Но вот этой ночью кому-то удалось.
- Так как же это к тебе ворог подойти-то смог? - повторил свой вопрос Соловей. - и где теперь Акулина?
- Нне шшнаю. - прошипел Змей. - Акулинушшка дешшурила, а мы с Маланьюшшкой шшпали. И вот прошшпали её, бедняшшку. И головушшку её унёшш шупошштат. Нигде я её не нашшел...
- И ты не видел его? - спросил Соловей.
- Шшпали мы, горемышшные, говорю шше. Шшоловеюшшко, ты найди ушш прешштупника, что Акулинушшку порешшил, прошшу тебя, раз ушш тебя князюшшка к нам пошштавил.
Соловей поскрёб в затылке.
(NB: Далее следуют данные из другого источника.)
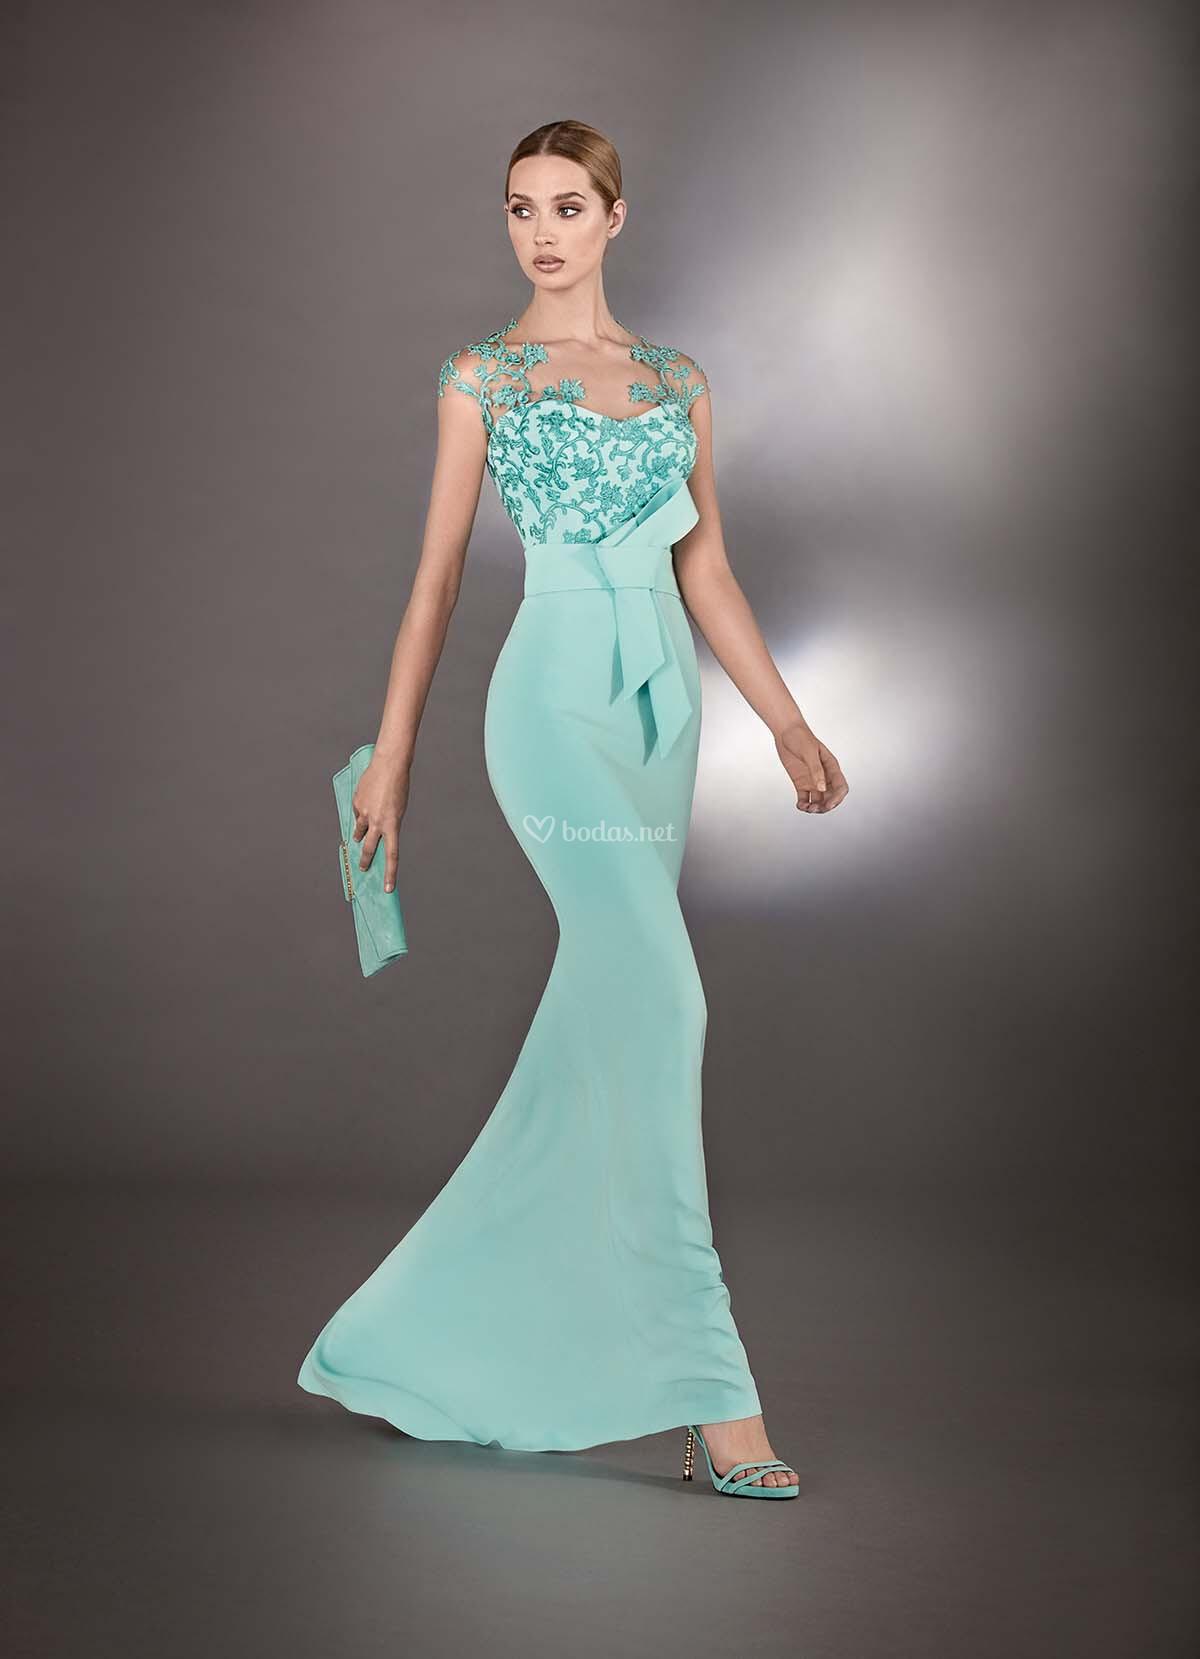 Vestidos de Madrina de Hannibal Laguna Atelier - 2017 - Bodas.net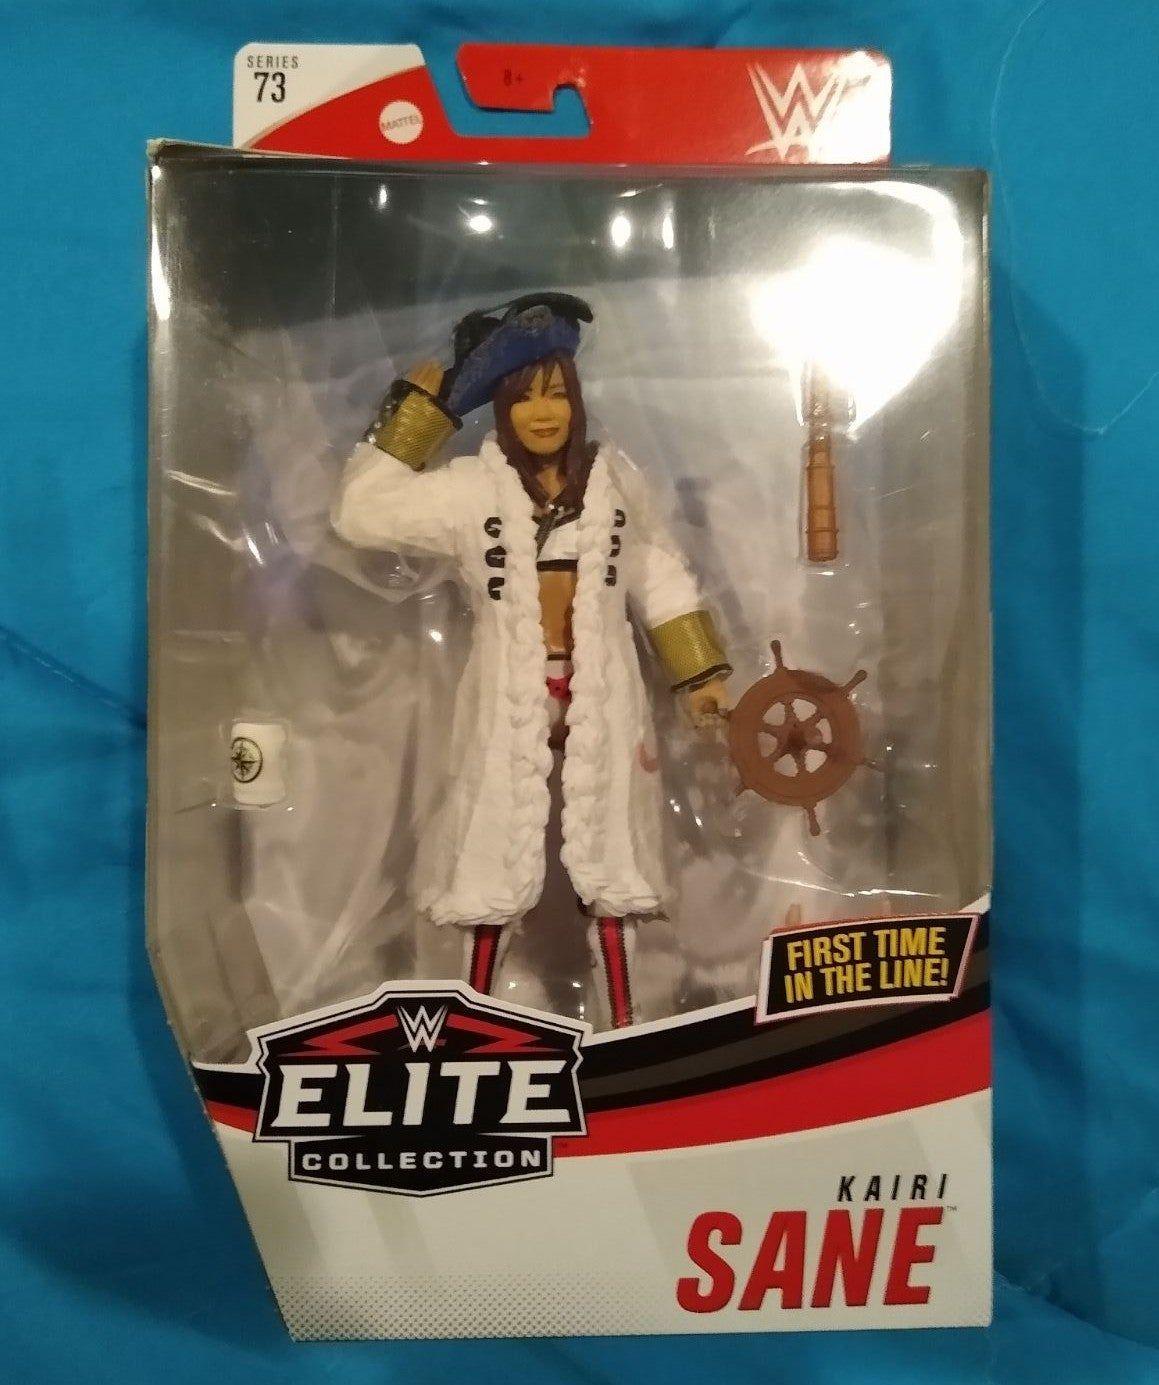 Brand new figure. Mint in box. Elite 73 Kairi Sane. Comes

Очень не хотелось влезать в это дело, особенно при взгляде на обрубок шеи. Отсекли Акулину одним точным и сильным ударом. Значит - без богатырей не обошлось точно... Но и Змей прав - обещал ведь Соловей князю Киевскому, что будет на речке Смородиной покой и тишь.
Знать, придётся, говоря словами учёных греков, коих по шляху в последние годы ездило немало, проводить дознание, сиречь разузнавать, как дело было. И коли так, то знал Соловей местечко, которое ни один ухарь, умеющий обращаться с мечом, точно не минует.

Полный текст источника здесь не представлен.